═══ The data ═══

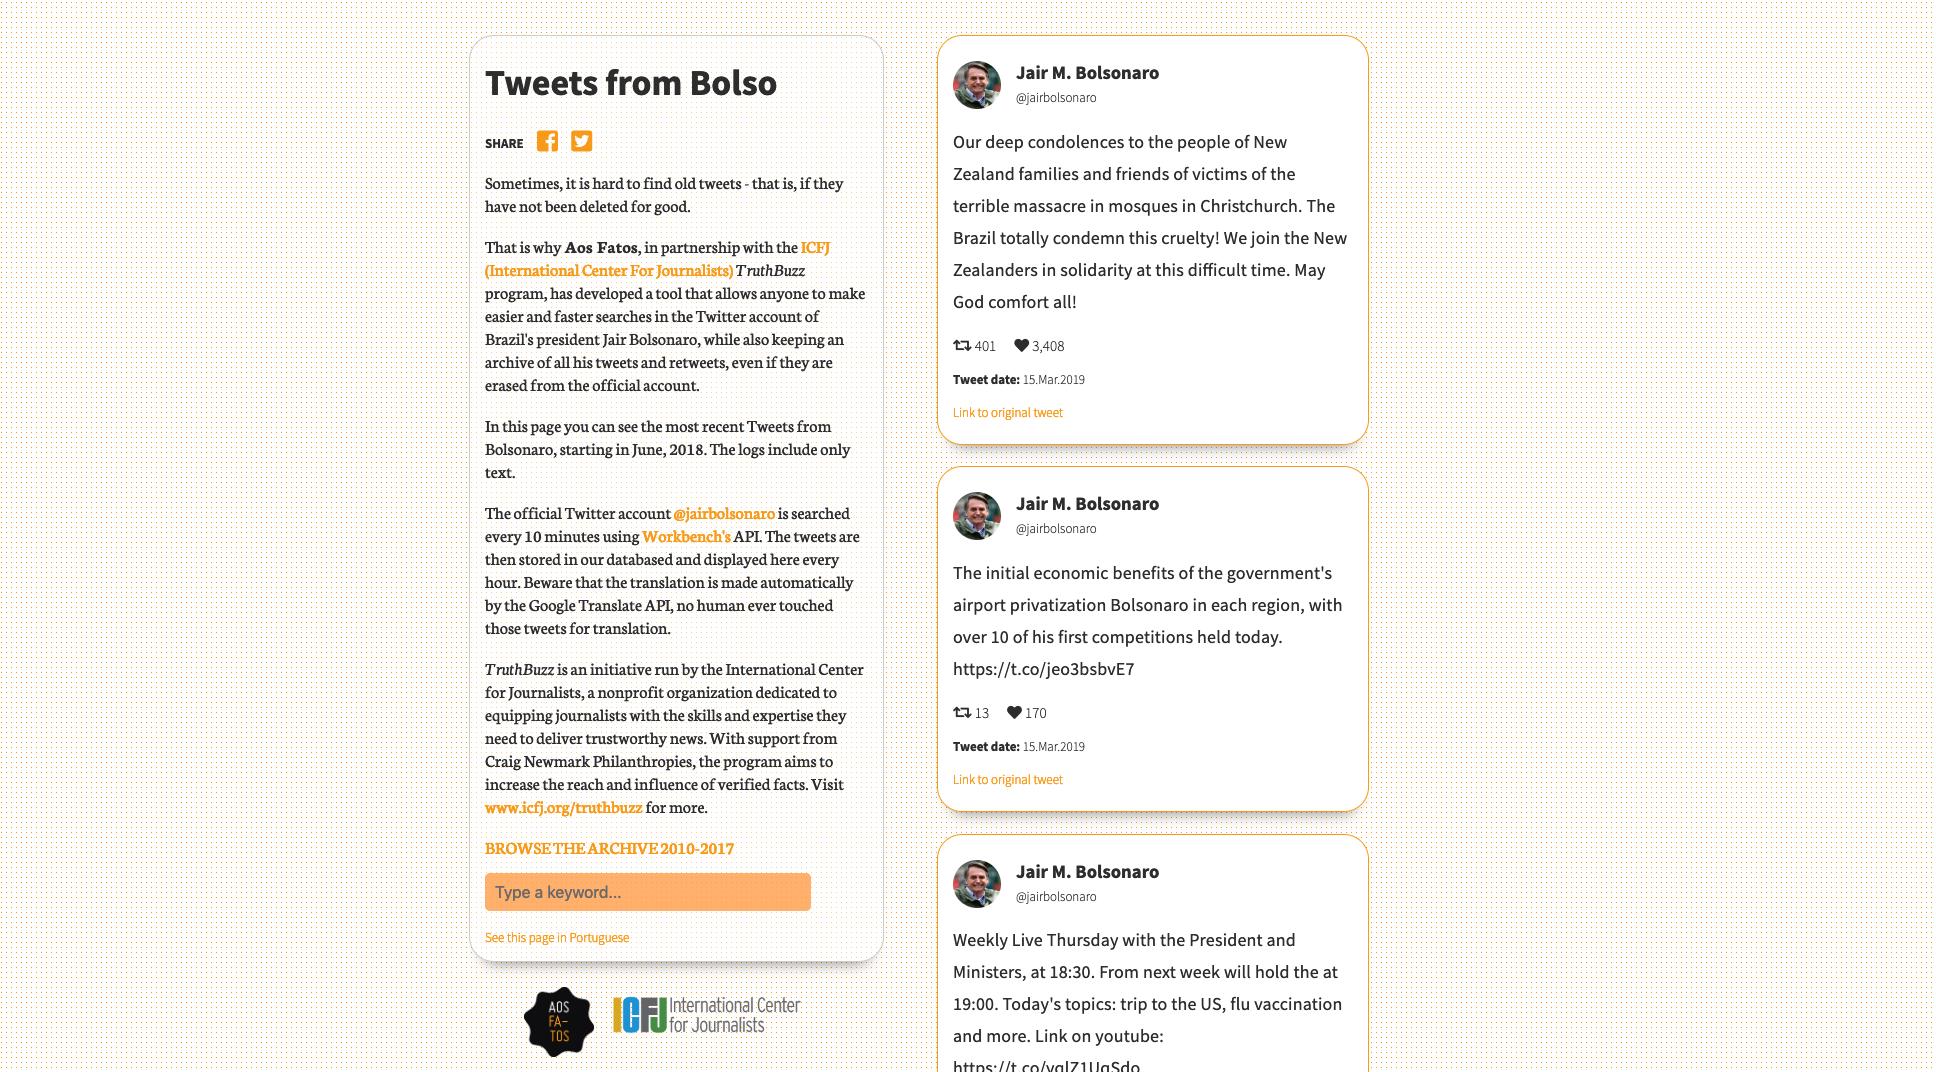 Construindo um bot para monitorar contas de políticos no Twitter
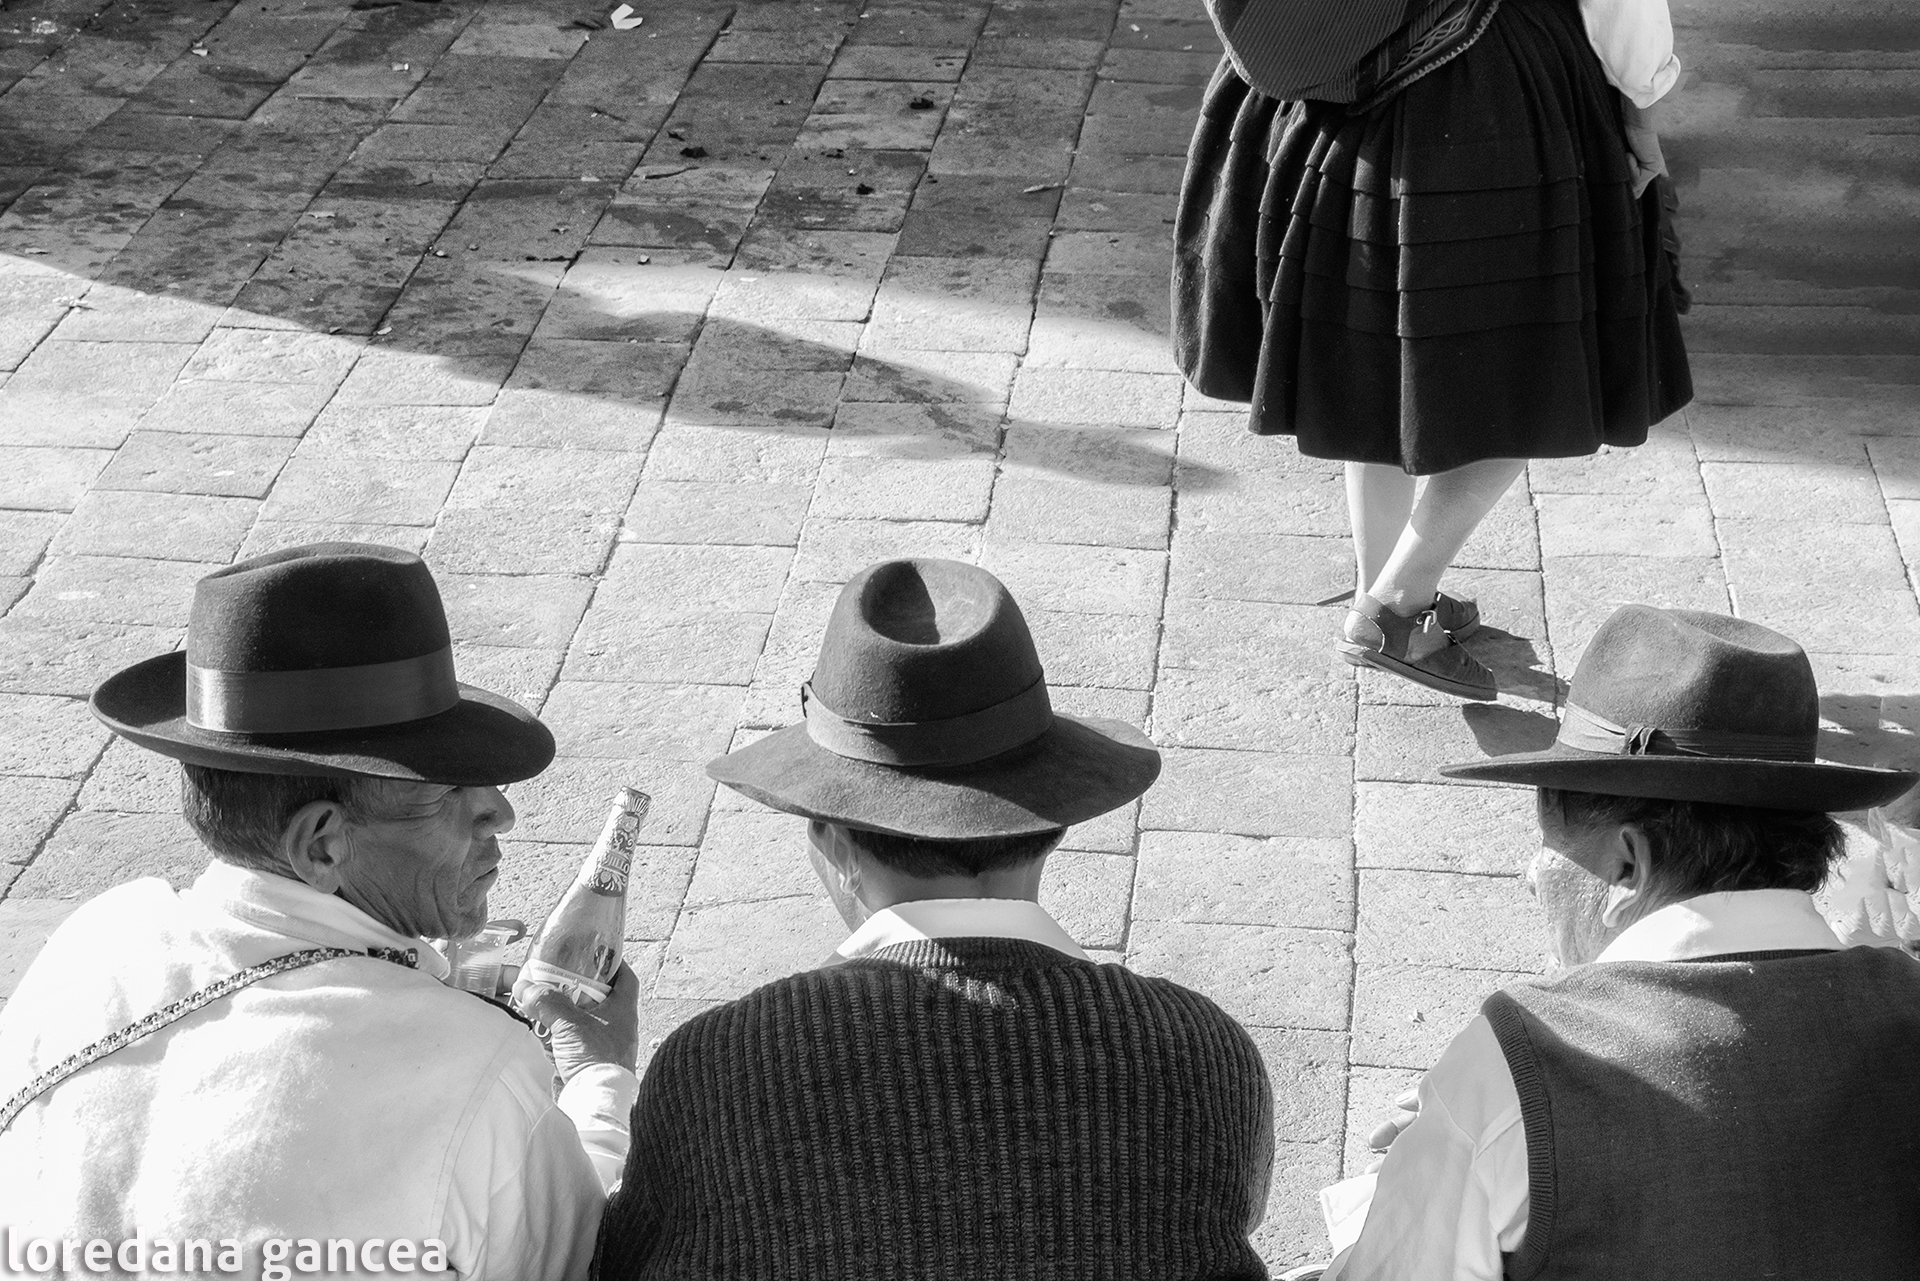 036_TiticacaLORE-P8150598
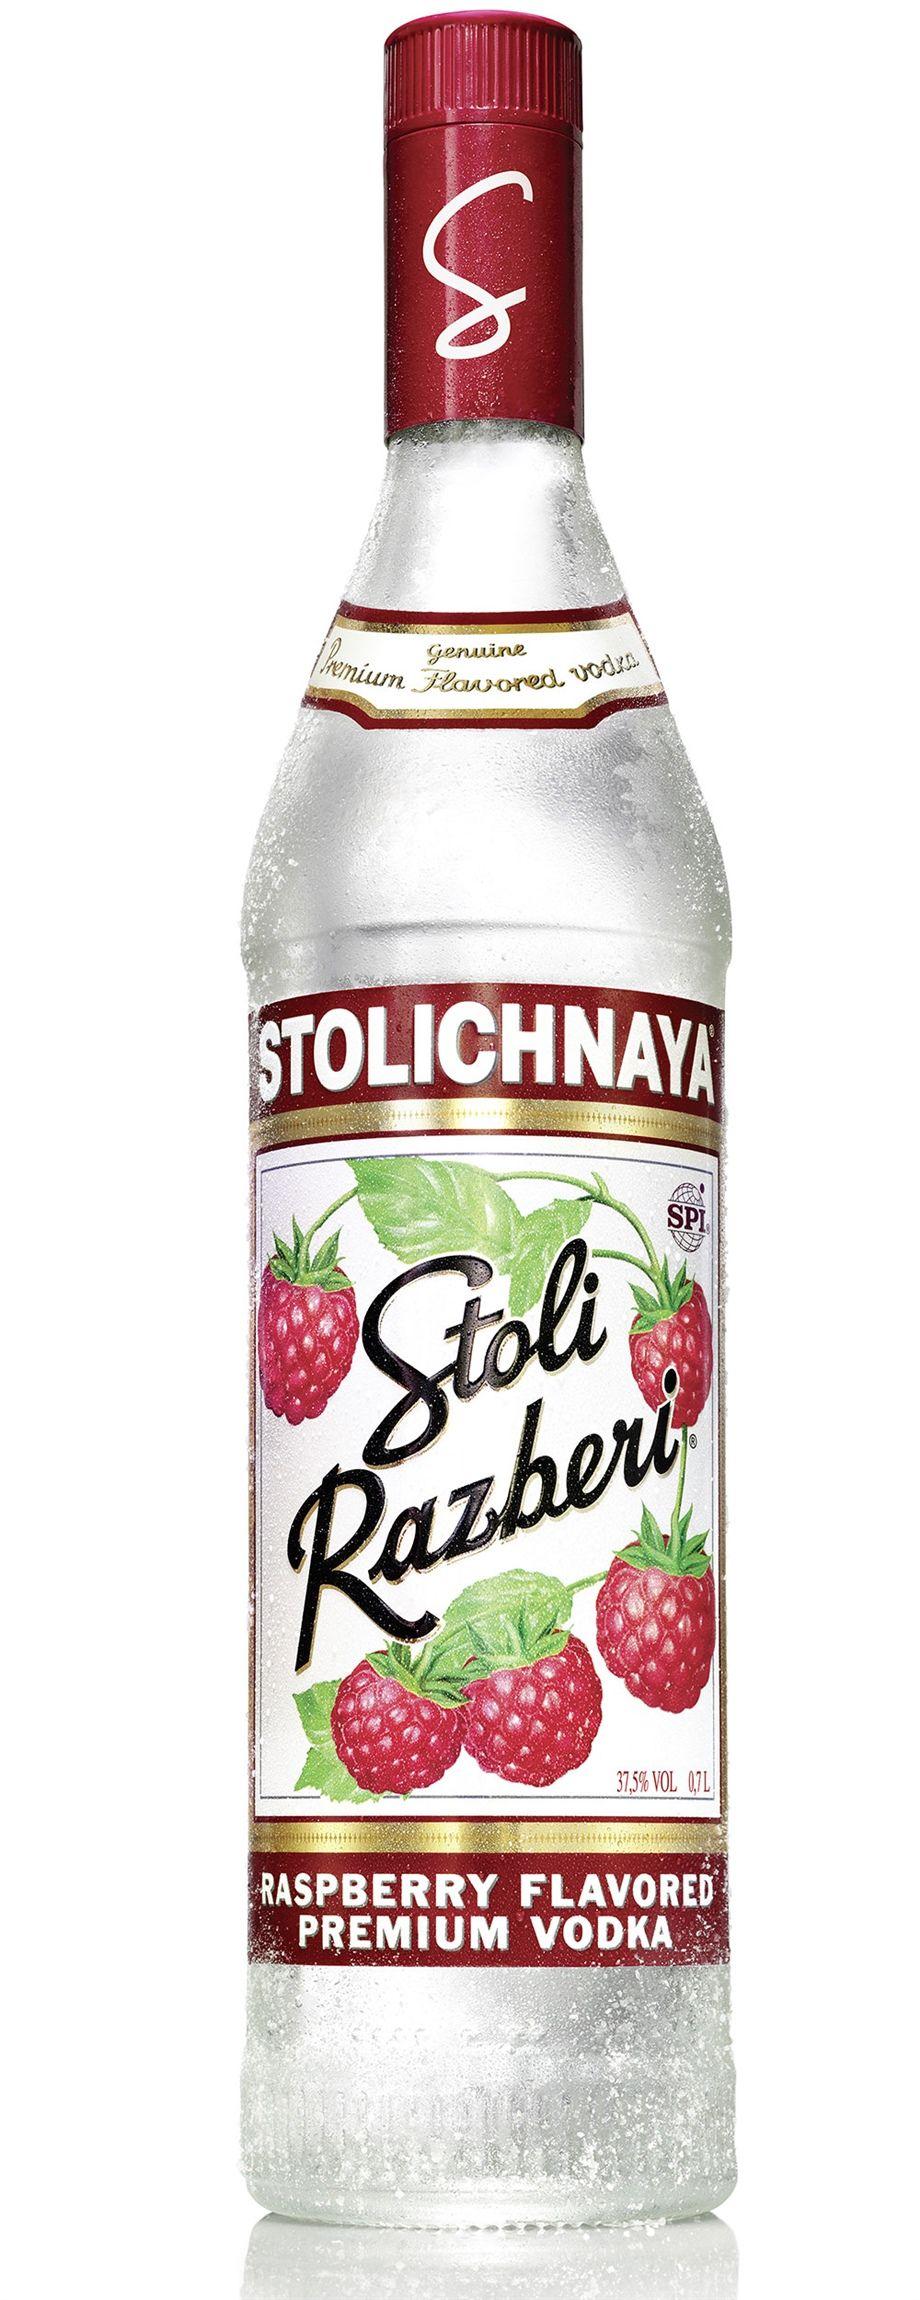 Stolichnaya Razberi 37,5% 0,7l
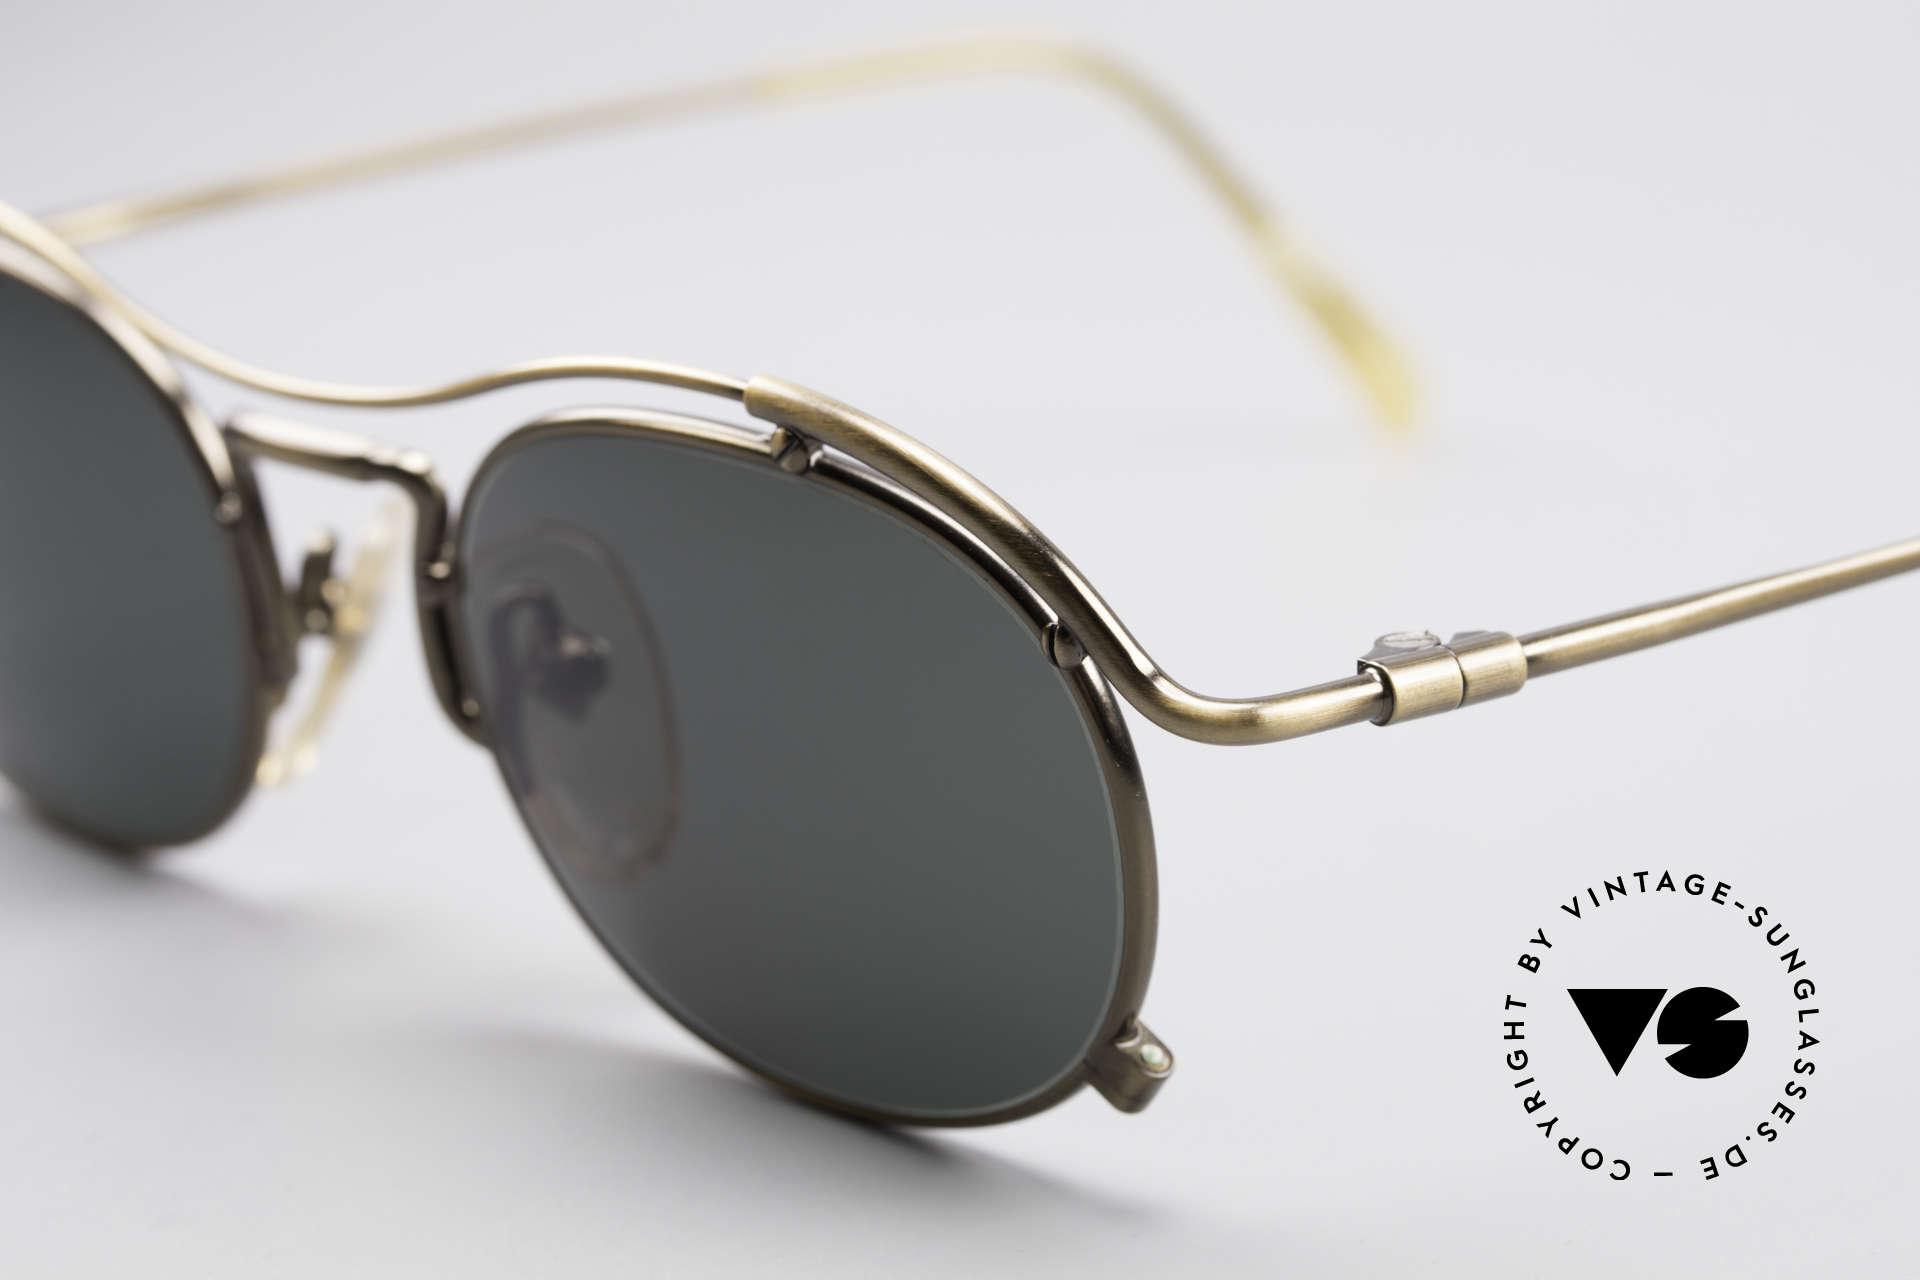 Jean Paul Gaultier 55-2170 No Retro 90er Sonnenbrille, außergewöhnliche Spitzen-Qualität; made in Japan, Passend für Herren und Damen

═══

> [Directions] Please write out the material from the line containing "Stolichnaya Razberi 37,5% 0,7l" to its final line, both inclusive, exactly as it appears; pictures are not part of the copy.

> [Output for this task]
 Stolichnaya Razberi 37,5% 0,7l
 Jean Paul Gaultier 55-2170 No Retro 90er Sonnenbrille, außergewöhnliche Spitzen-Qualität; made in Japan, Passend für Herren und Damen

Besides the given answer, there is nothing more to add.